What If Lower Cholesterol Isn't Actually Better For Your Health?
- Definition of Health

- 4 days ago
- 6 min read
February is Heart Health Month, and everyone's talking about lowering cholesterol. But here's what almost no one is discussing: when it comes to cholesterol, lower is not always better.
In fact, driving your cholesterol too low can devastate your hormones, tank your energy, and leave you feeling like a shell of yourself—even while your cardiologist celebrates your "excellent" lab results.
Let me explain why your fatigue, low libido, brain fog, and hormonal dysfunction might have everything to do with that impressively low cholesterol number.

The Cholesterol Paradox: Too Low Is a Problem
Most of us have been taught that total cholesterol should be below 200 mg/dL. Fair enough—excessively high cholesterol does correlate with increased cardiovascular risk in certain contexts.
But here's what you're rarely told: there's a lower threshold below which cholesterol becomes problematic.

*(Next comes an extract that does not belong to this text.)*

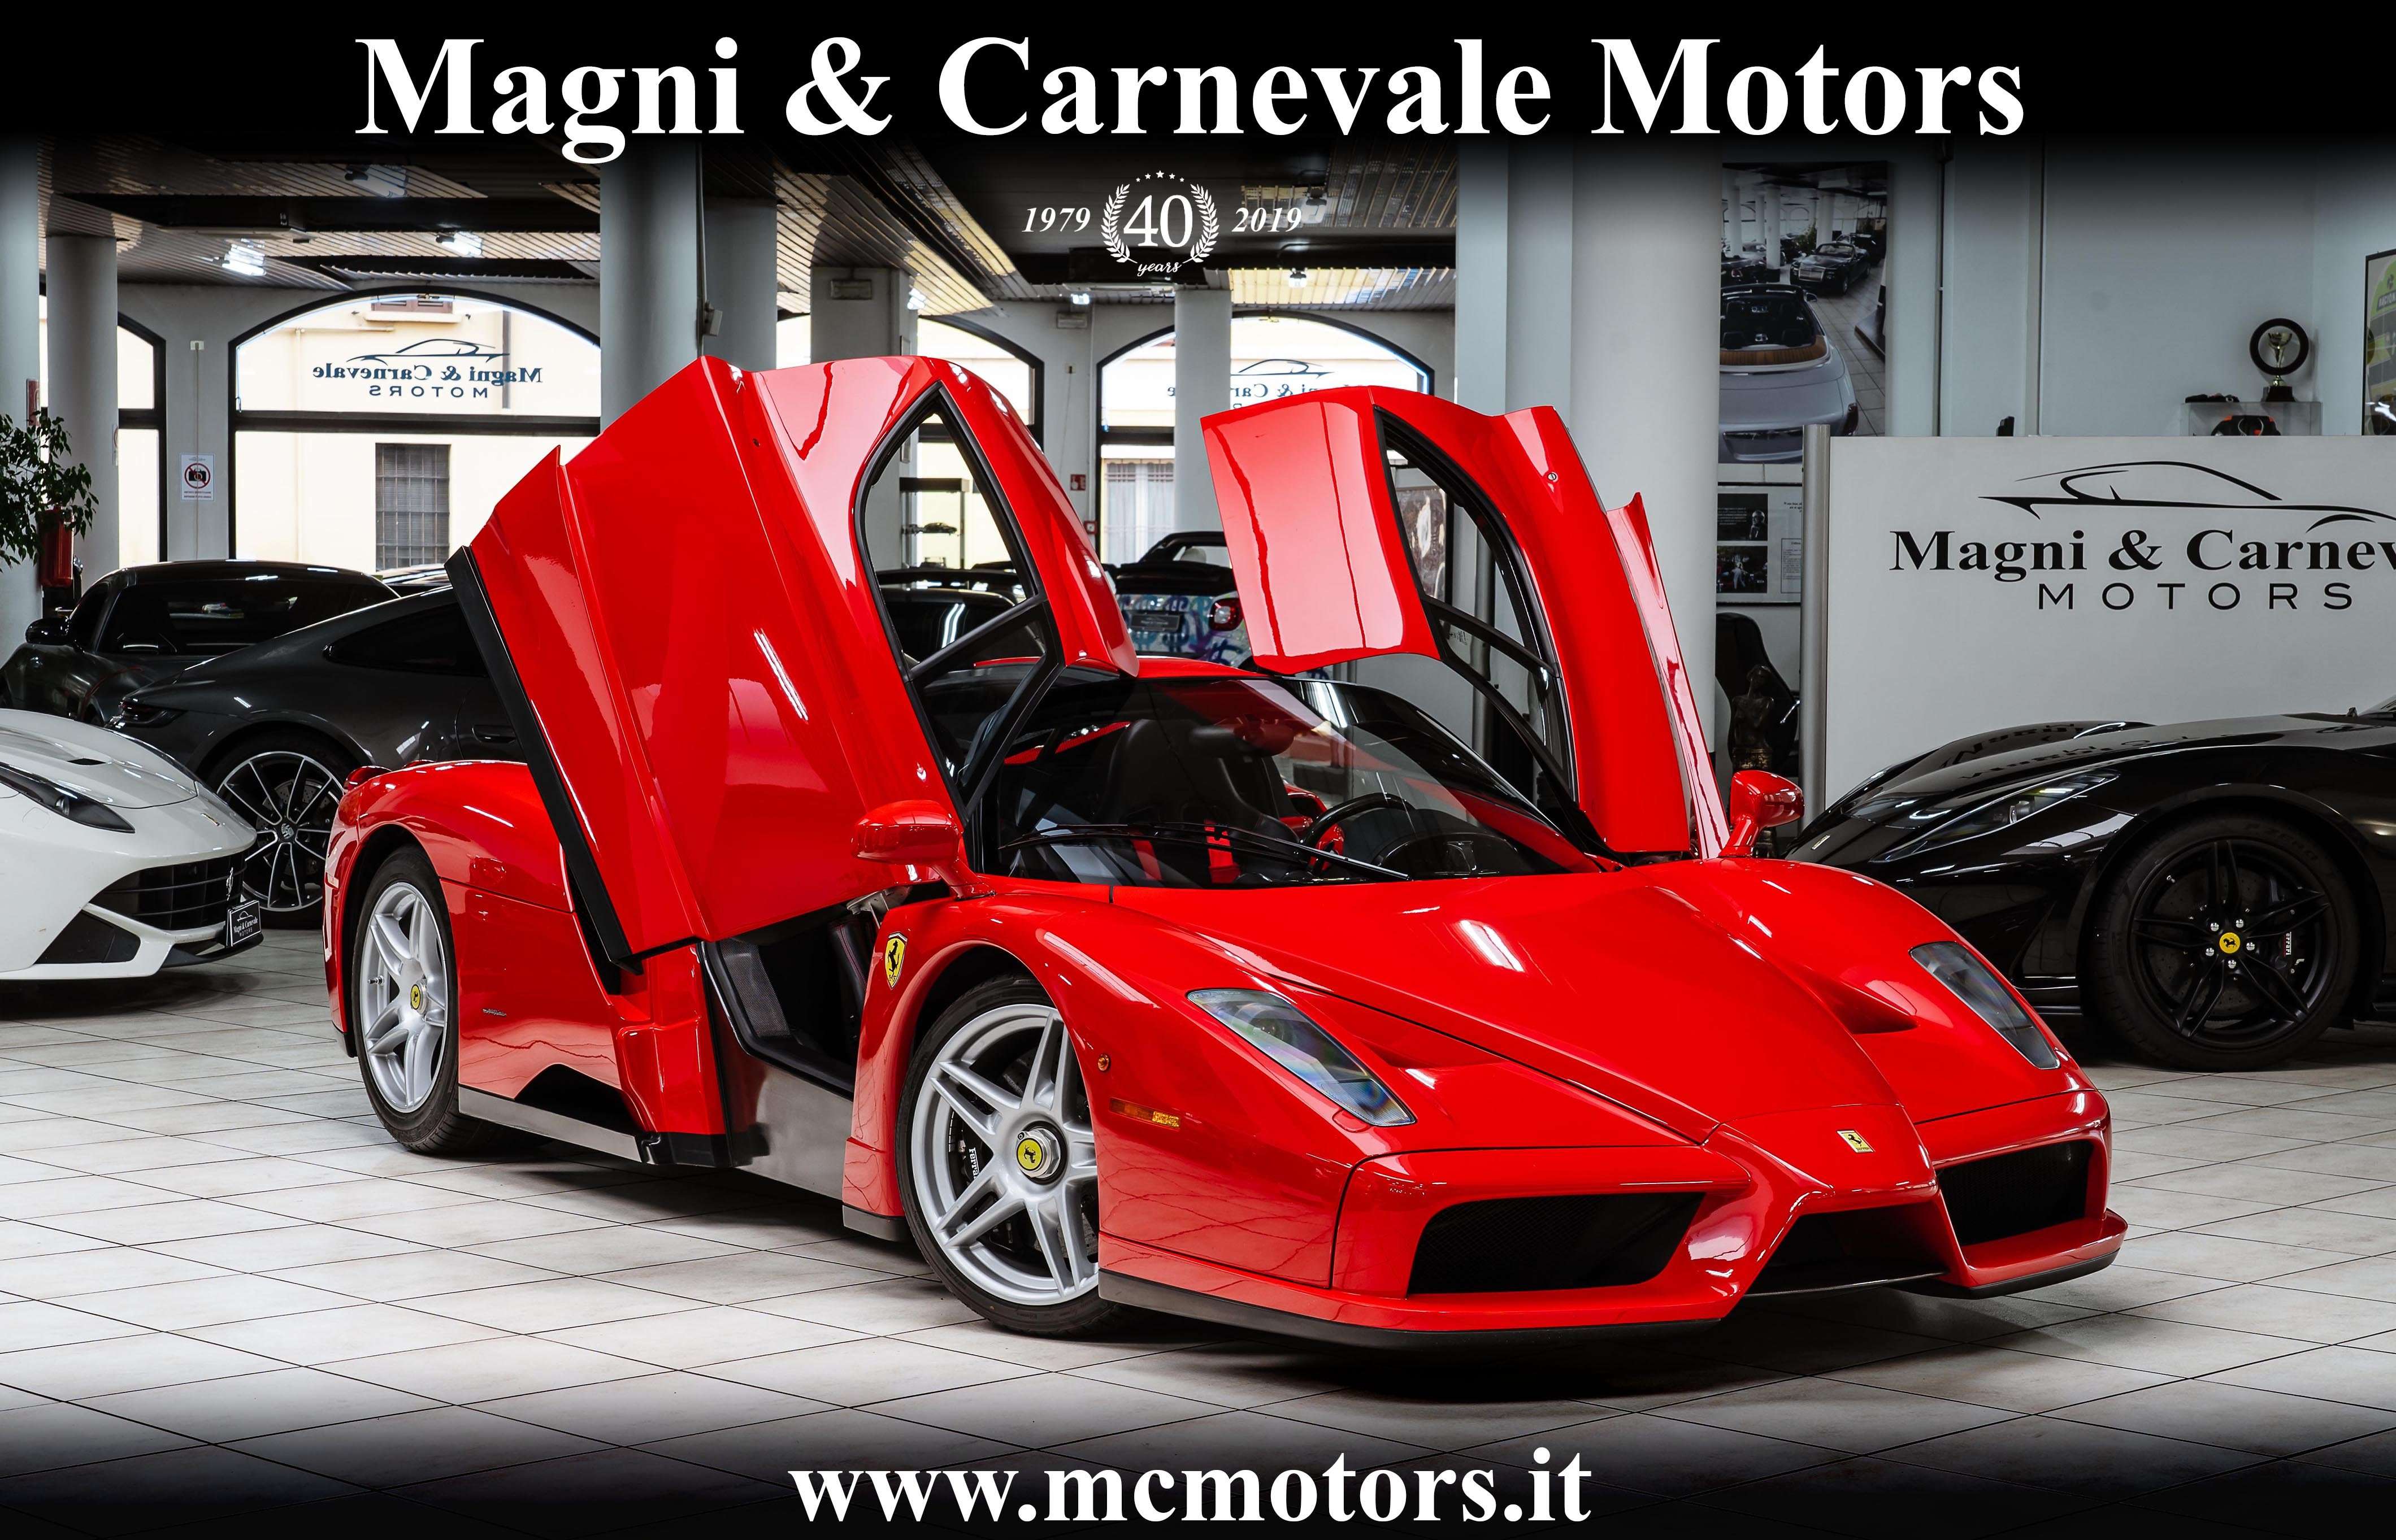 Ferrari Enzo Ferrari Coupe in Red used in Sesto San Giovanni - Milano - Mi for € 4,350,000.-

When total cholesterol drops below 160 mg/dL, your body often stops prioritizing sex hormone production and reproduction. Why? Because cholesterol is the essential building block for all your sex hormones—estrogen, progesterone, testosterone.

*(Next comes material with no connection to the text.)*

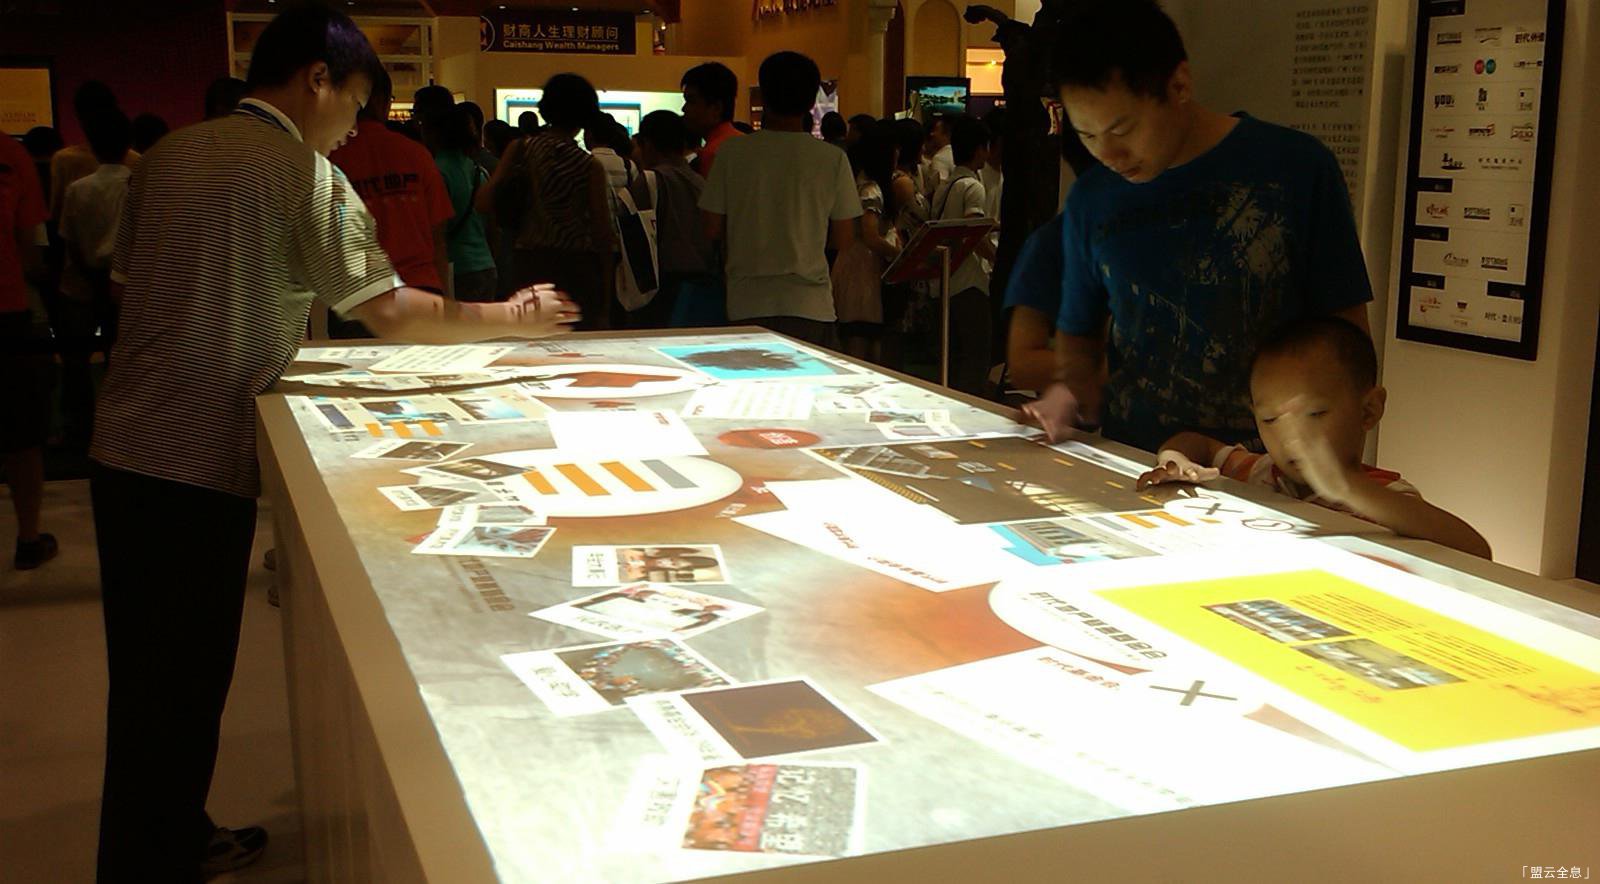 互动投影多媒体技术为展厅提供智能化展示理念

No cholesterol = no hormones. It's that simple.
Cholesterol: The Foundation of Your Hormones
Let's clarify what cholesterol actually does in your body, because the narrative you've been fed is incomplete.
Cholesterol is not just about heart disease risk. Cholesterol is a precursor molecule for:
All sex hormones - Estrogen, progesterone, testosterone
Cortisol - Your primary stress hormone
Vitamin D - Which functions more like a hormone than a vitamin
Bile acids - Essential for fat digestion and nutrient absorption
Cell membrane integrity - Every cell in your body needs cholesterol for structure and function
Brain health - Your brain is about 25% cholesterol; it's essential for neurotransmitter function and cognitive performance
When your cholesterol falls too low, these systems begin to fail. Your body makes a survival decision: reproduction and sex hormones are not essential for immediate survival, so production gets deprioritized.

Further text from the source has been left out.